= To do =
Leaving the pictures aside, transcribe every line below exactly.

= Collected material =
Content starts

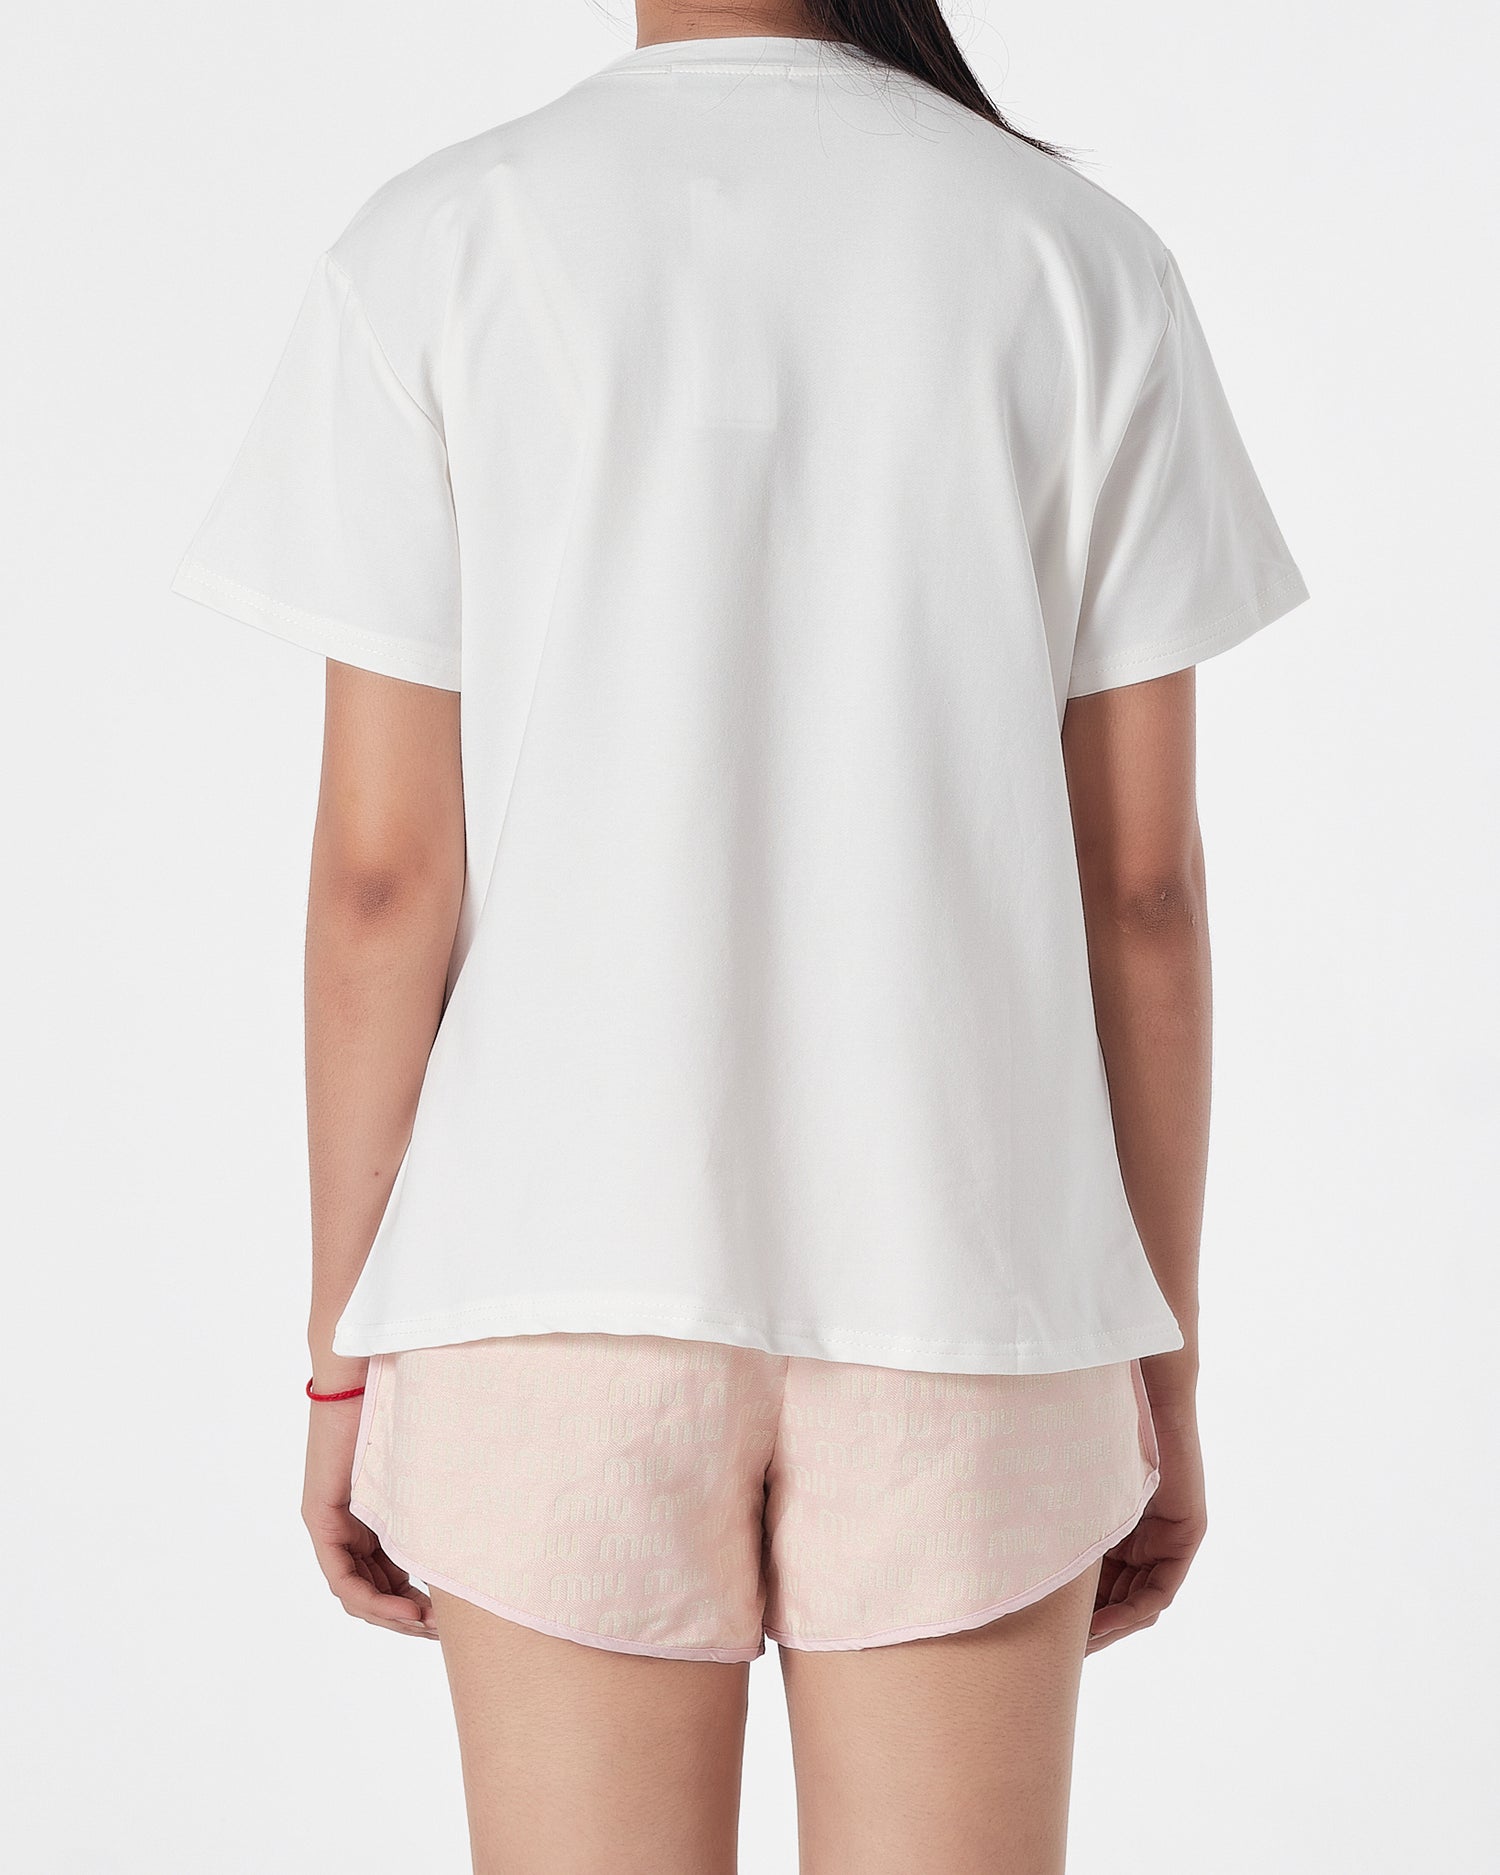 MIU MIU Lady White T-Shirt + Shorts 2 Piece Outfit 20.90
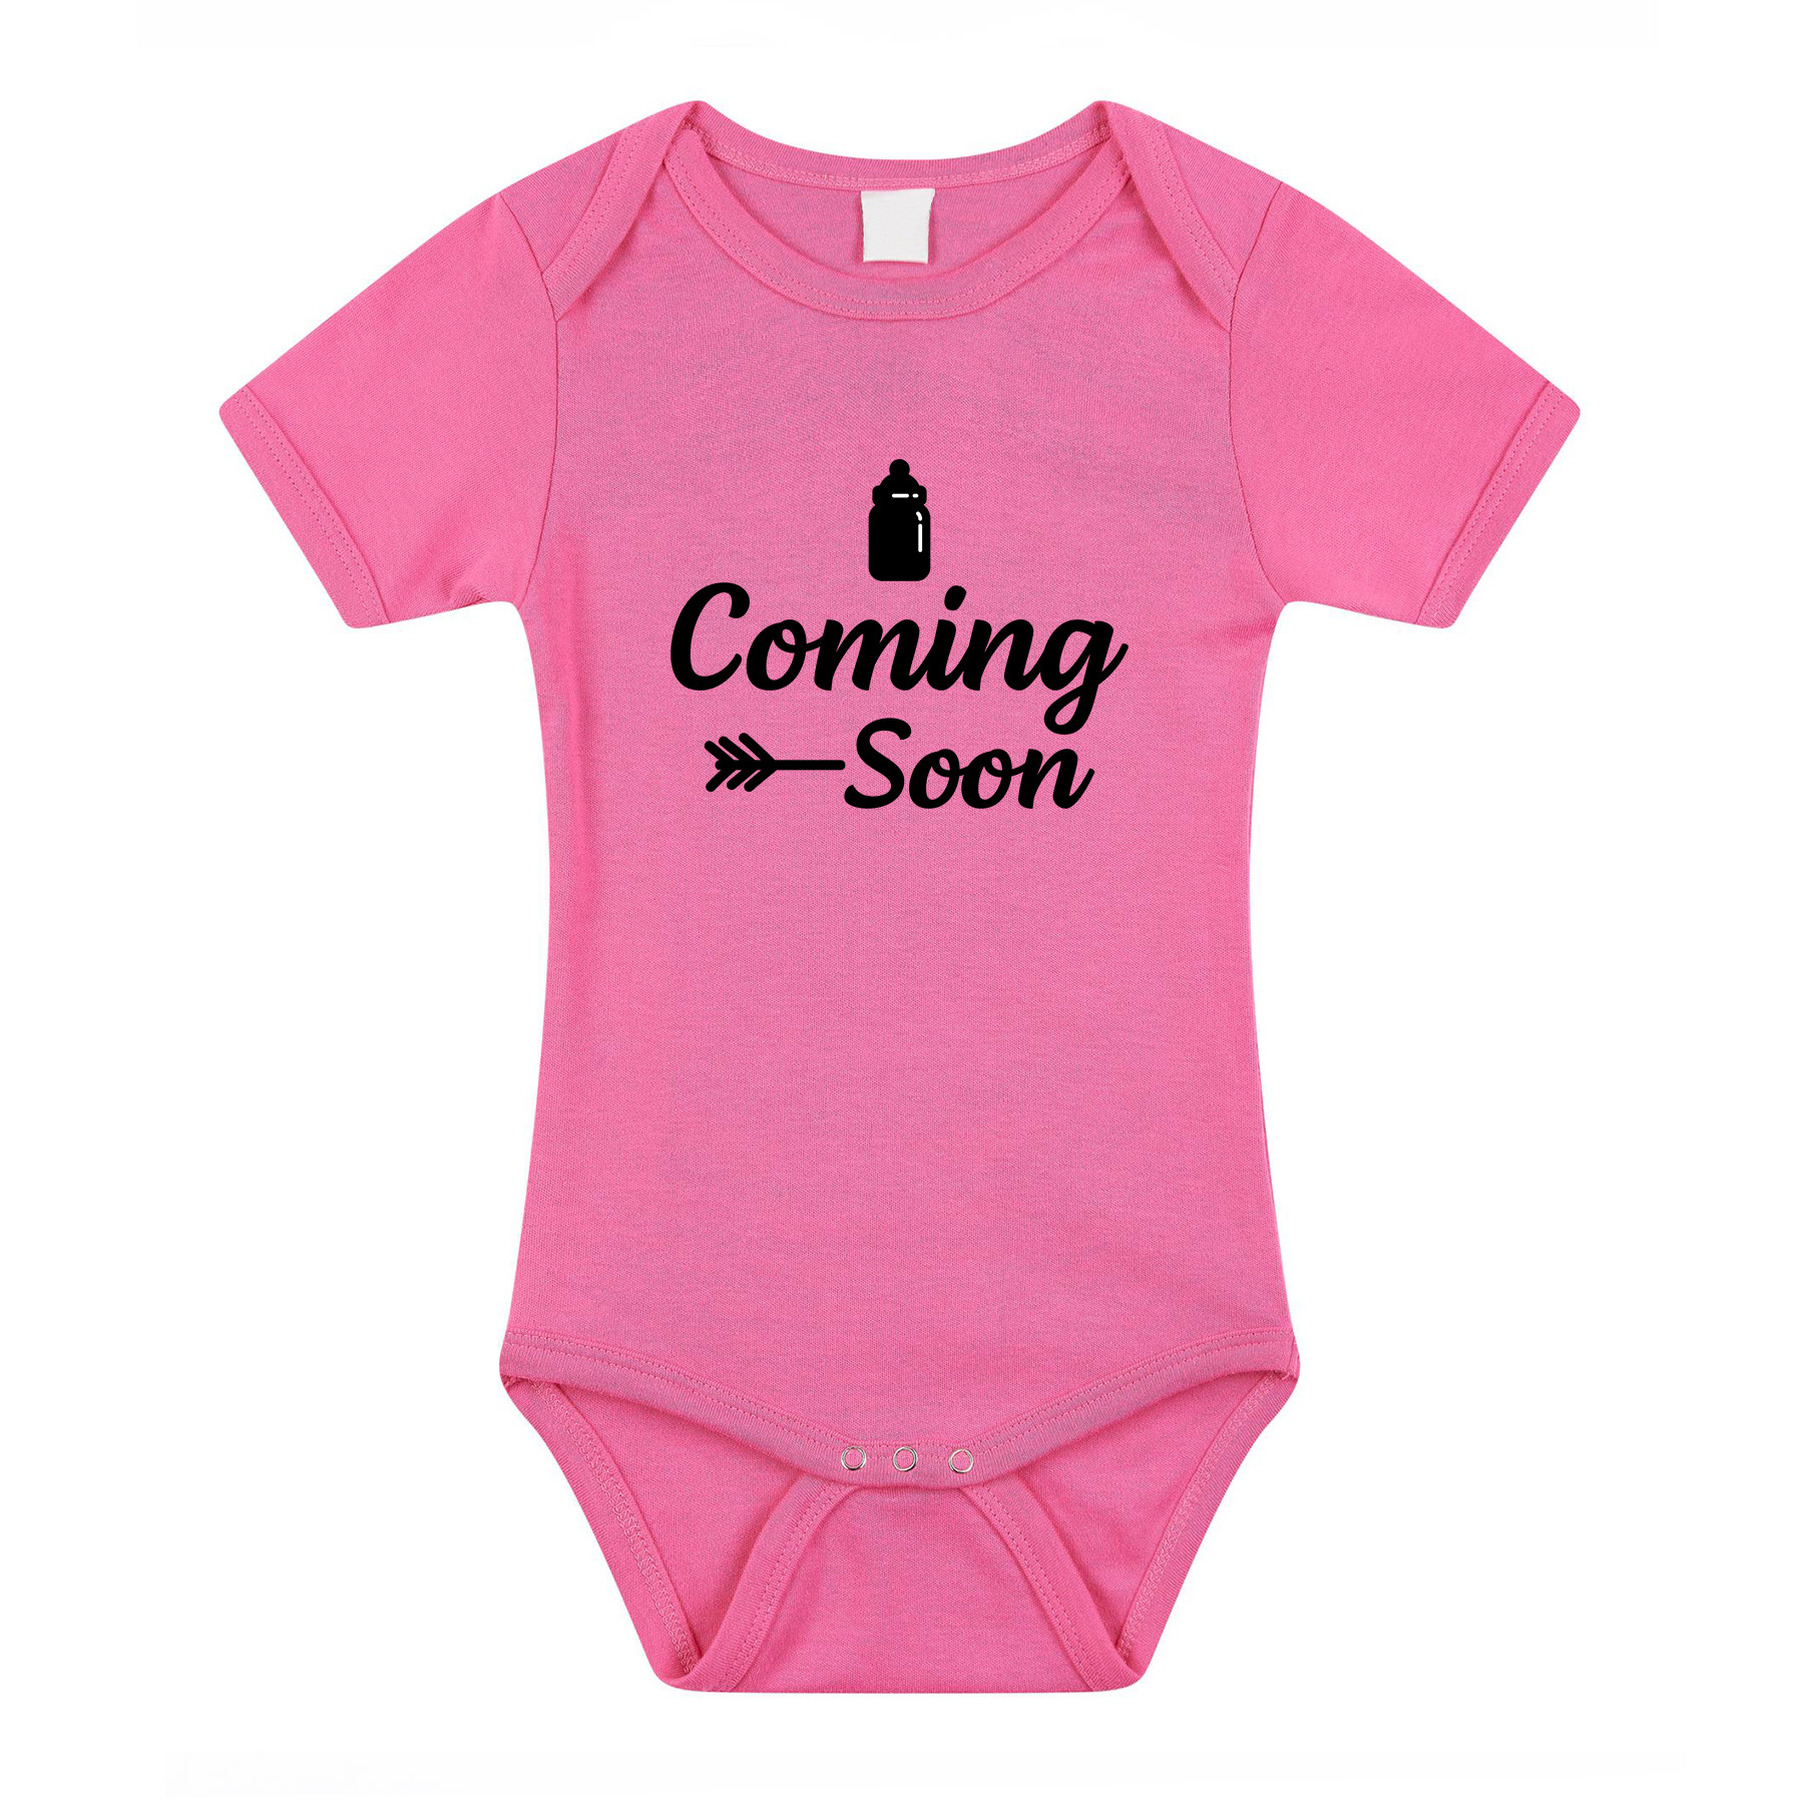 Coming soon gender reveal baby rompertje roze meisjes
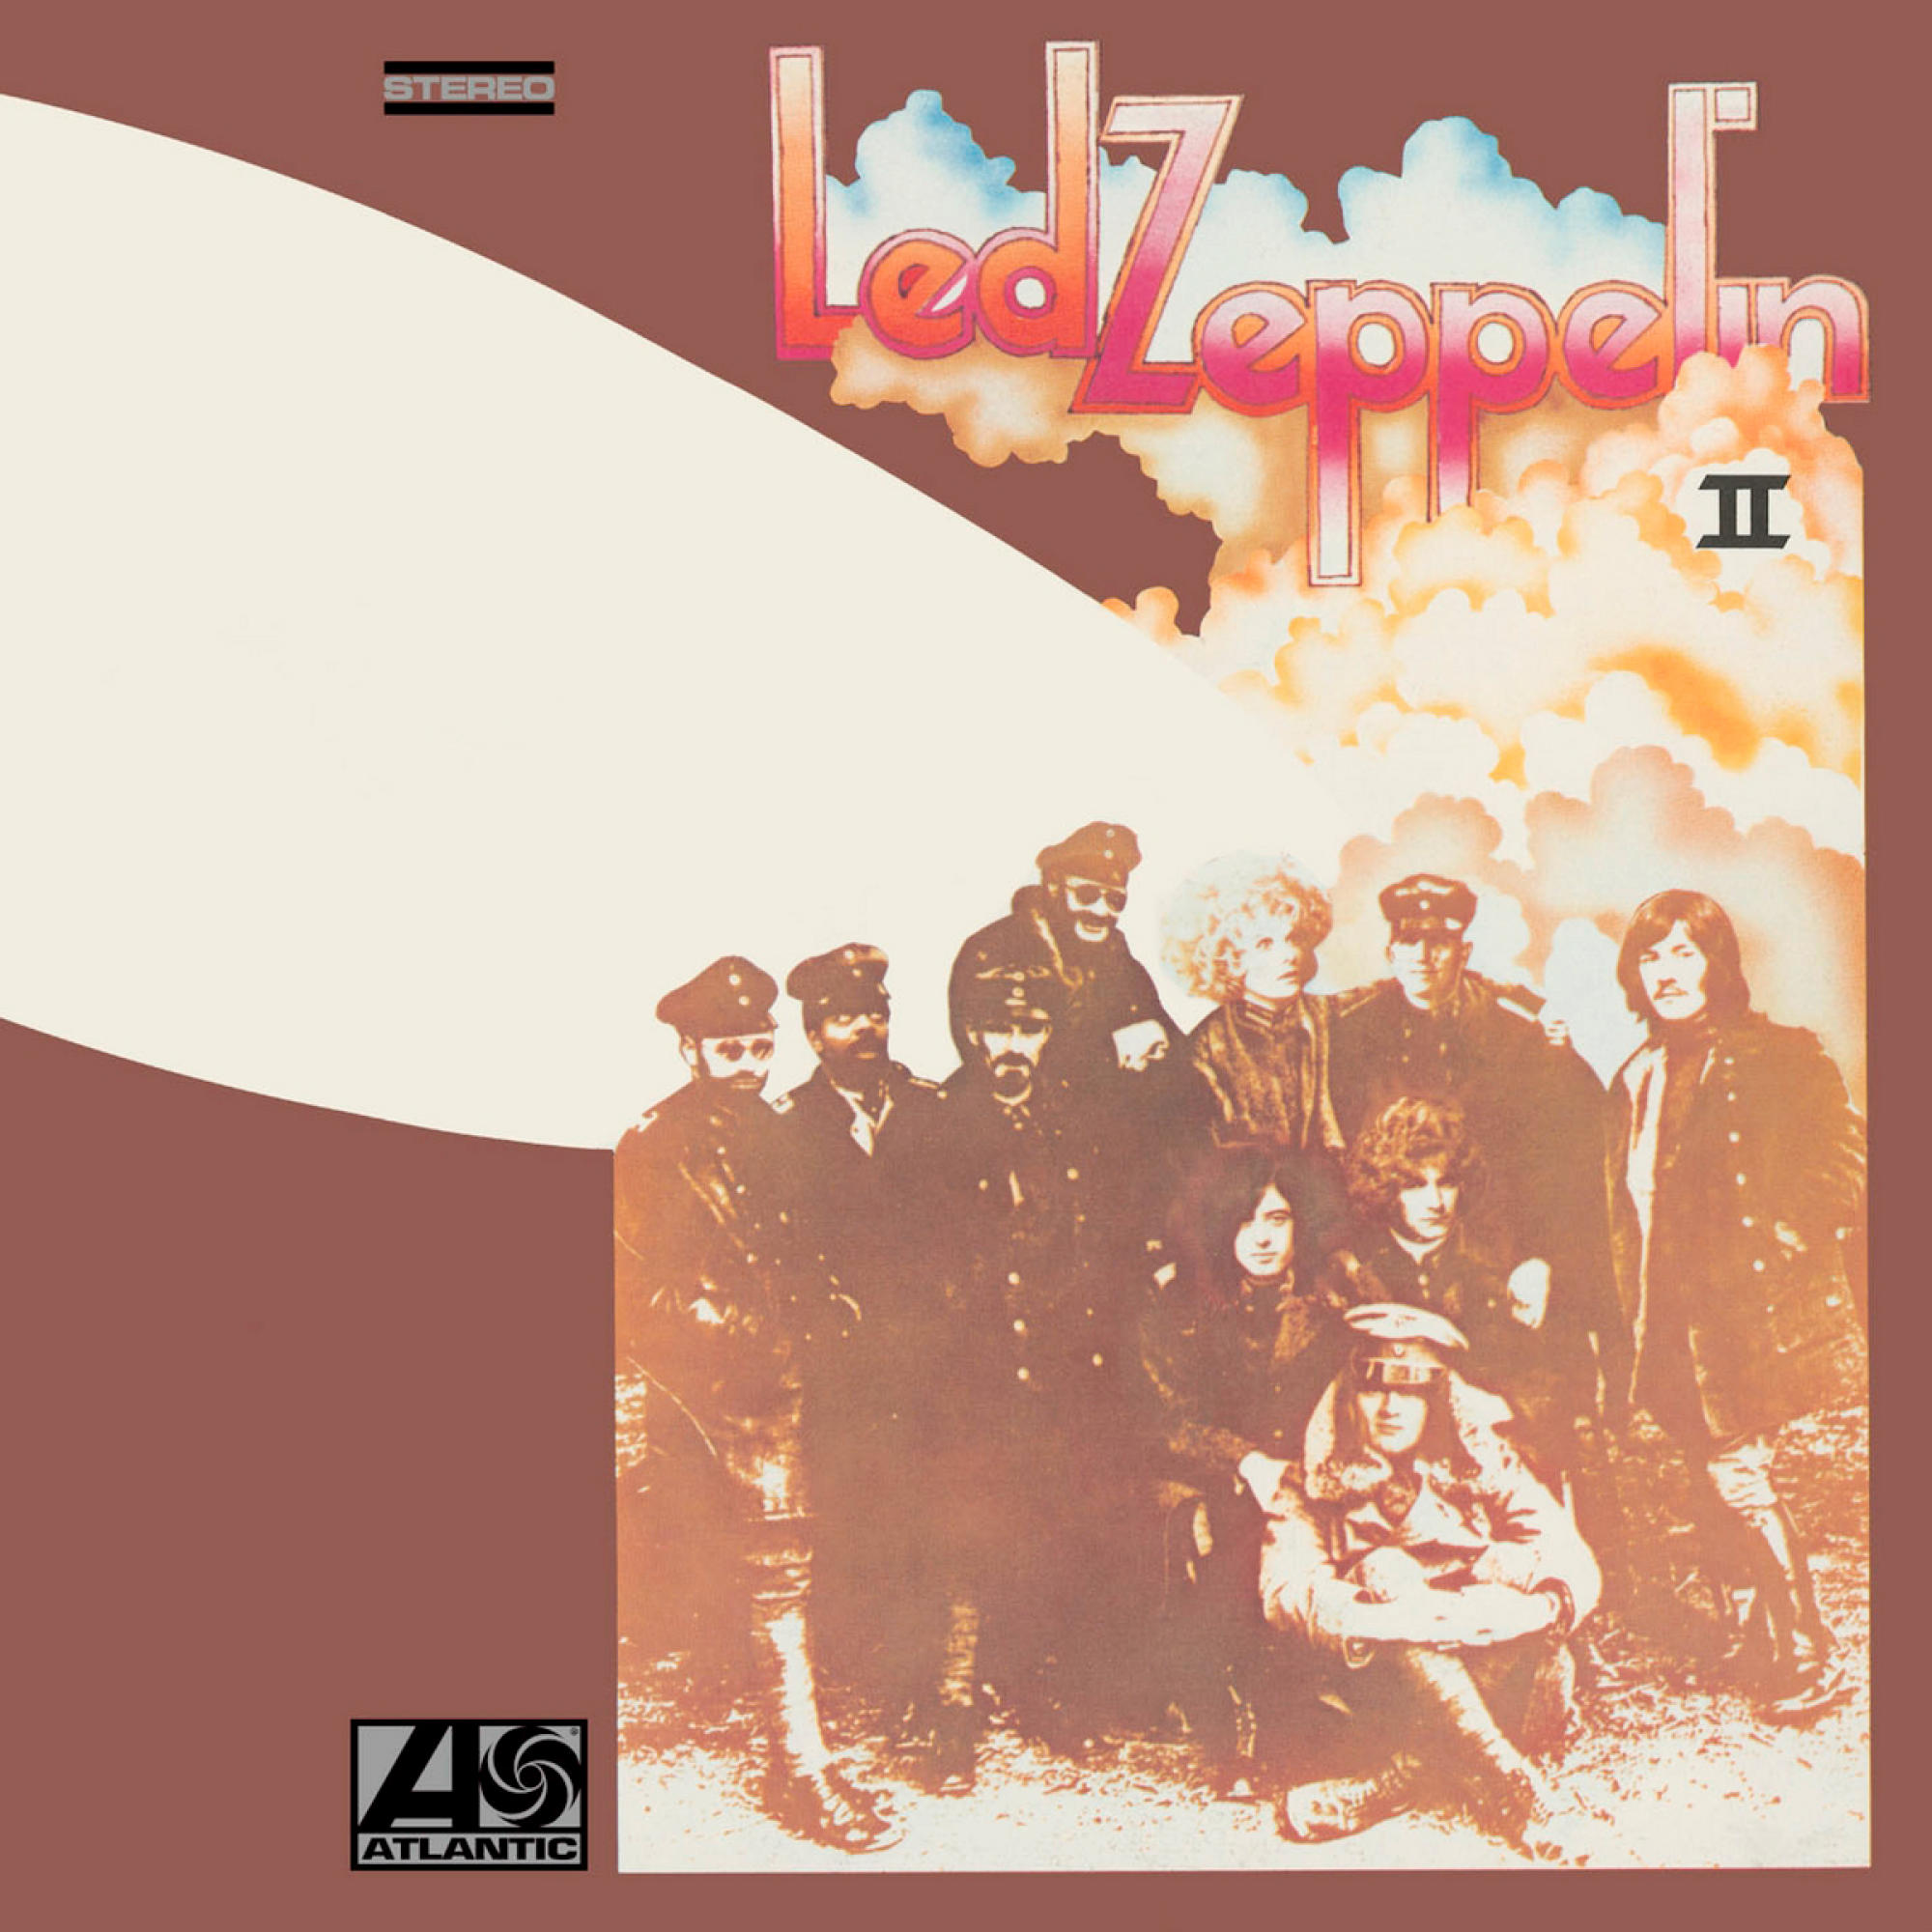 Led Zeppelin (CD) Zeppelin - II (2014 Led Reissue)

Content ends

= Result of the exercise =
 MIU MIU Lady White T-Shirt + Shorts 2 Piece Outfit 20.90
 Coming soon gender reveal baby rompertje roze meisjes
 Led Zeppelin (CD) Zeppelin - II (2014 Led Reissue)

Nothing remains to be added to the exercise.